### [WORK ITEM]
Could you repeat exactly the lines from the one containing "Contemporary Island Crystal" through the last line of the records, with no pictures?

### [THE DATA]
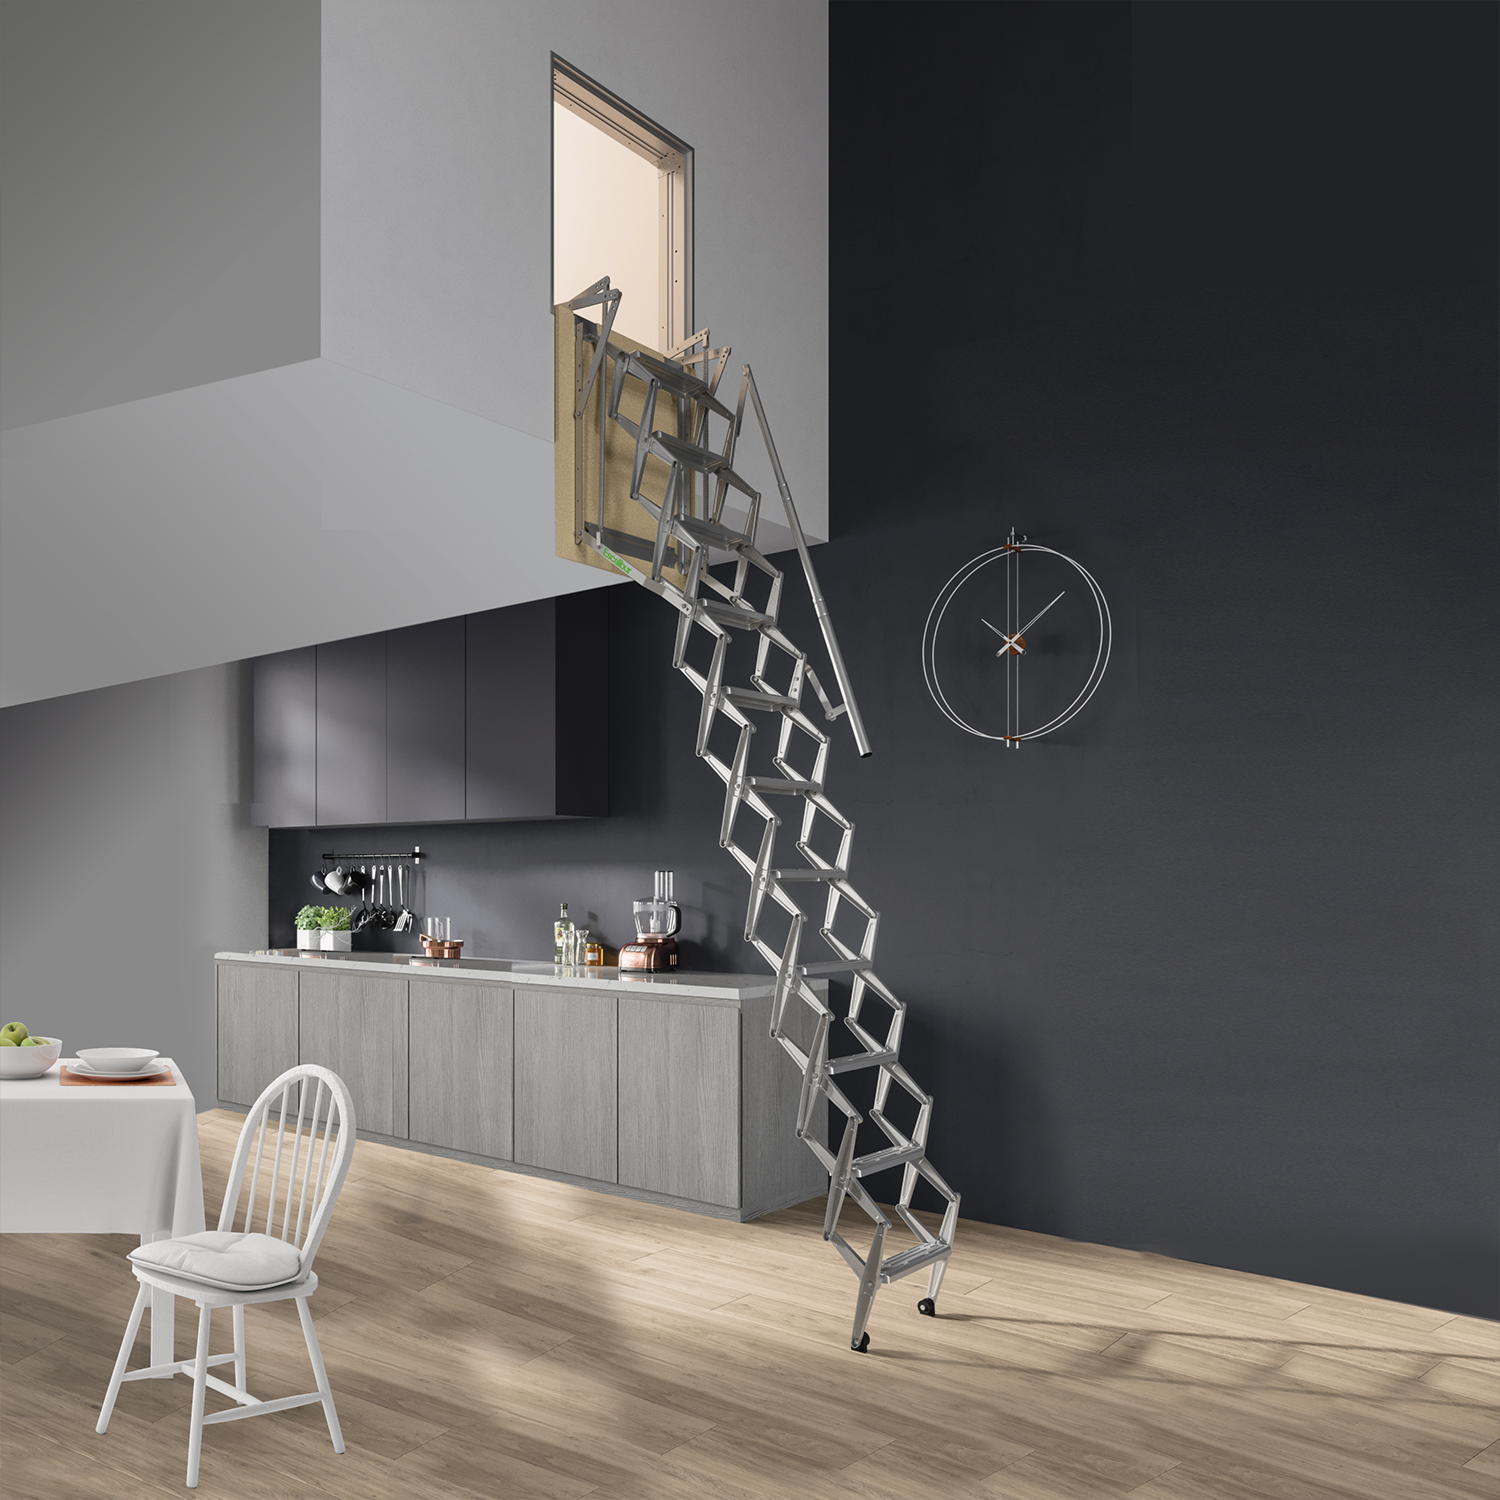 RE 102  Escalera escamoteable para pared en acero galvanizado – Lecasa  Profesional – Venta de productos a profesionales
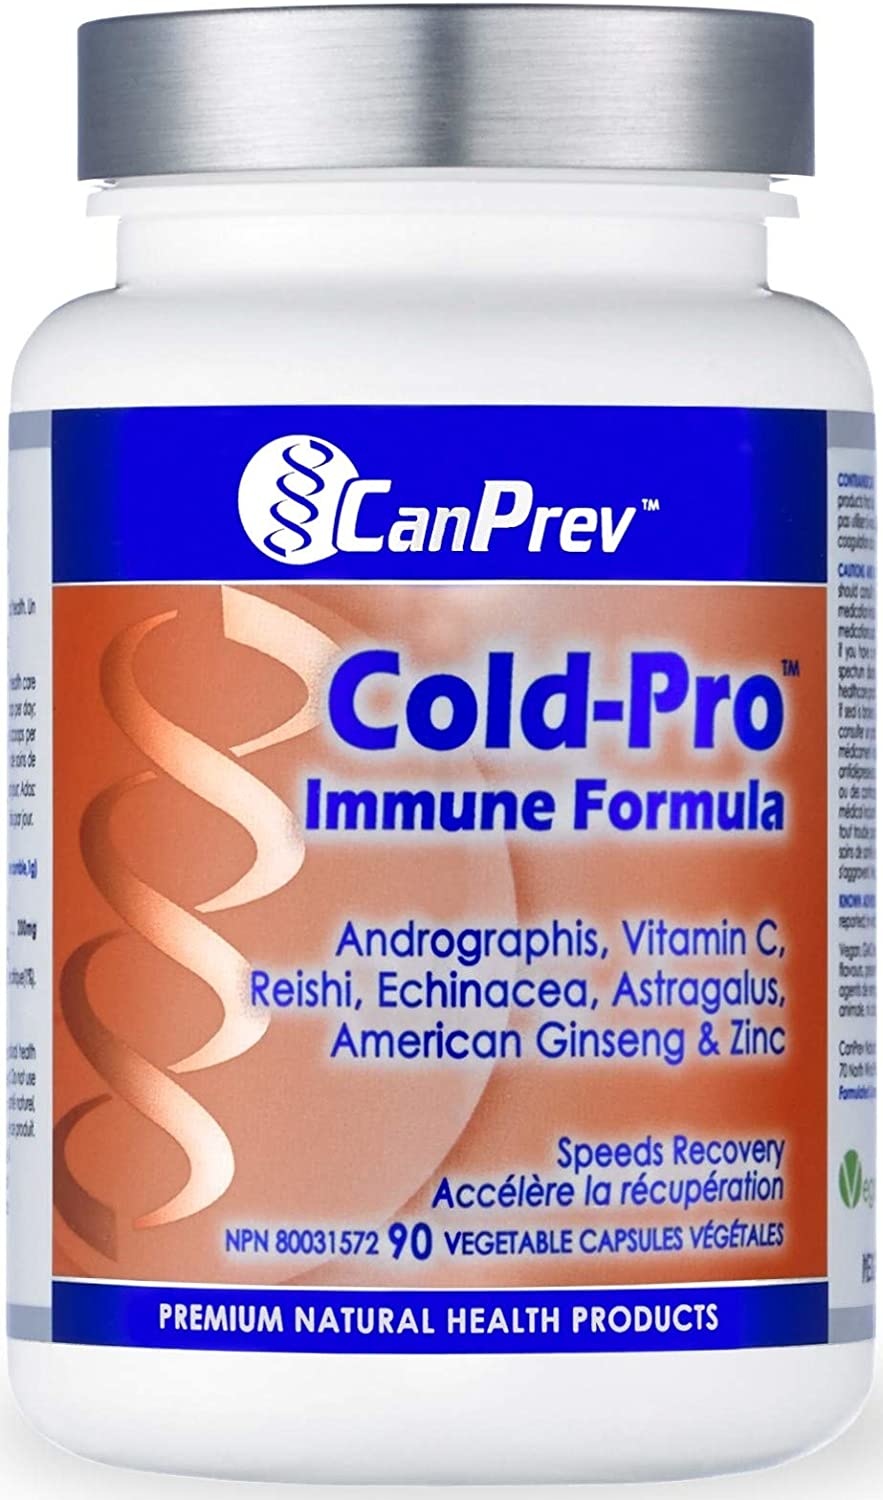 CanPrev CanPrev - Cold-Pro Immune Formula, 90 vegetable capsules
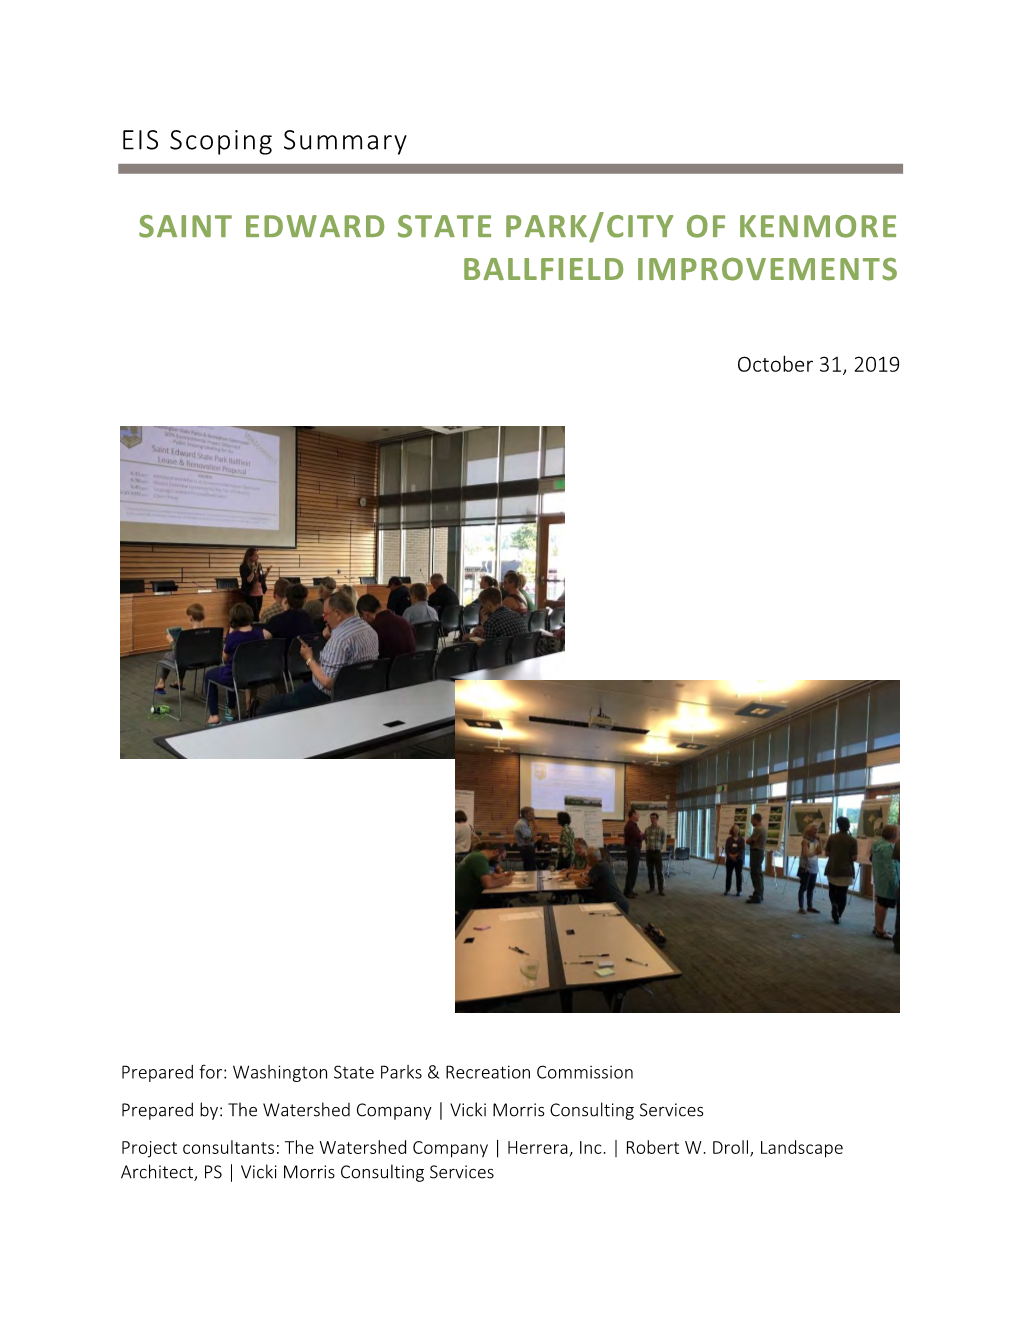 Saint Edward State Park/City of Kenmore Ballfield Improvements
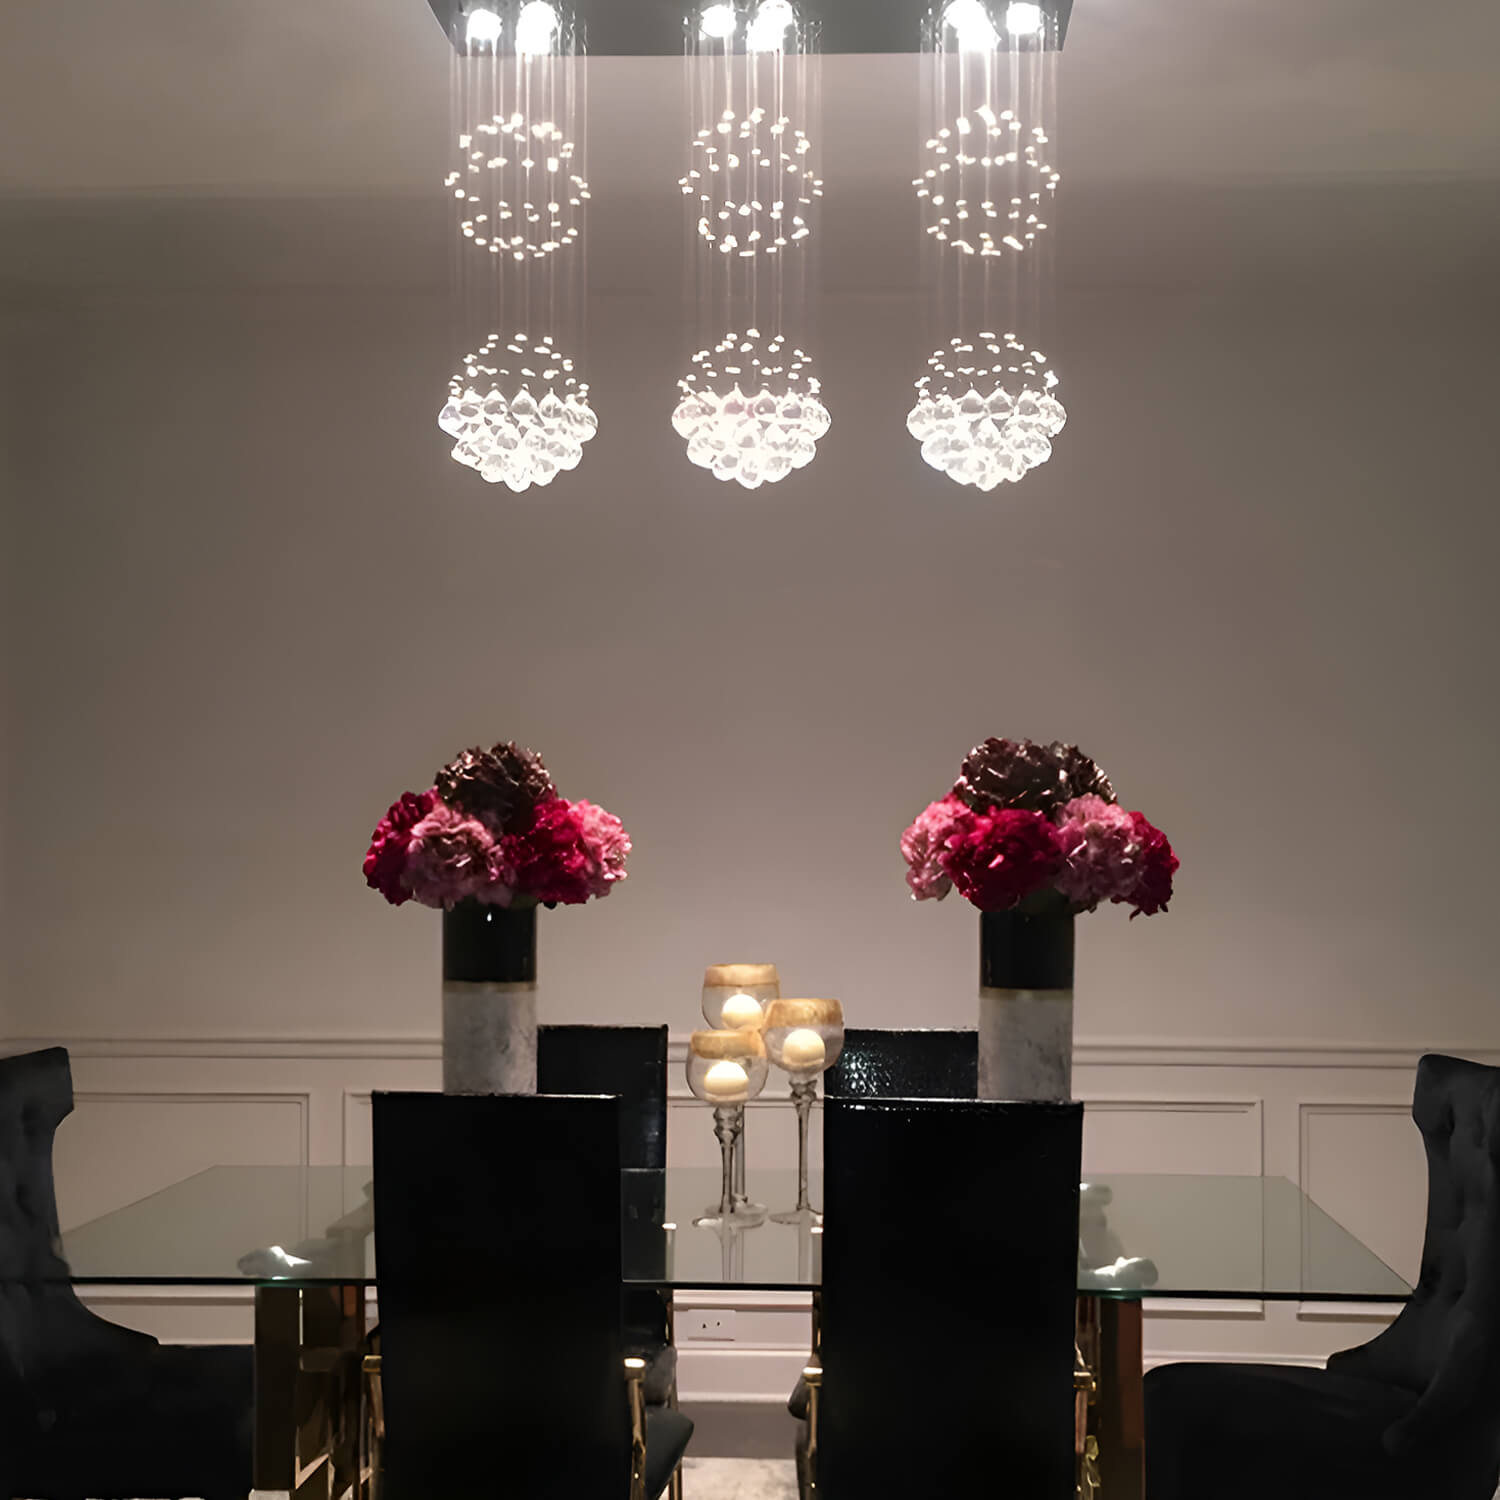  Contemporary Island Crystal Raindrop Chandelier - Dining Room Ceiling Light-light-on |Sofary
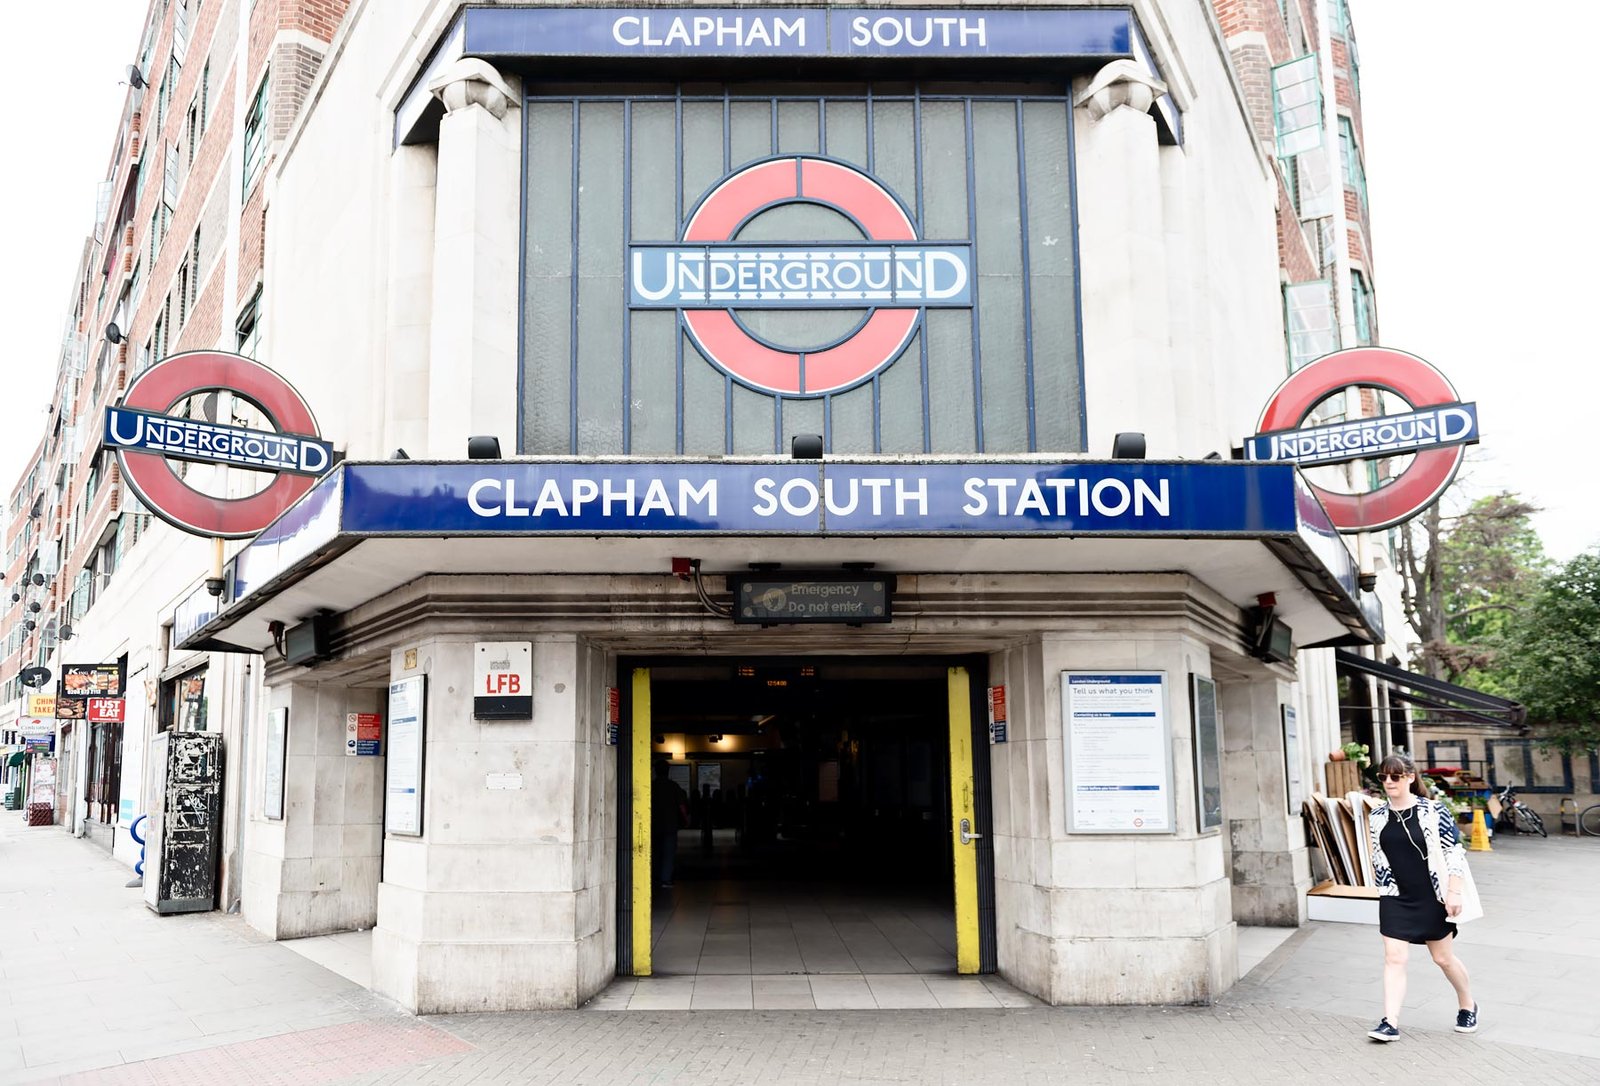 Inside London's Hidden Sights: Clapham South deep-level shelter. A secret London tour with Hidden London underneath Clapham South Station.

### [COMPLETED EXERCISE]
  Contemporary Island Crystal Raindrop Chandelier - Dining Room Ceiling Light-light-on |Sofary
 Inside London's Hidden Sights: Clapham South deep-level shelter. A secret London tour with Hidden London underneath Clapham South Station.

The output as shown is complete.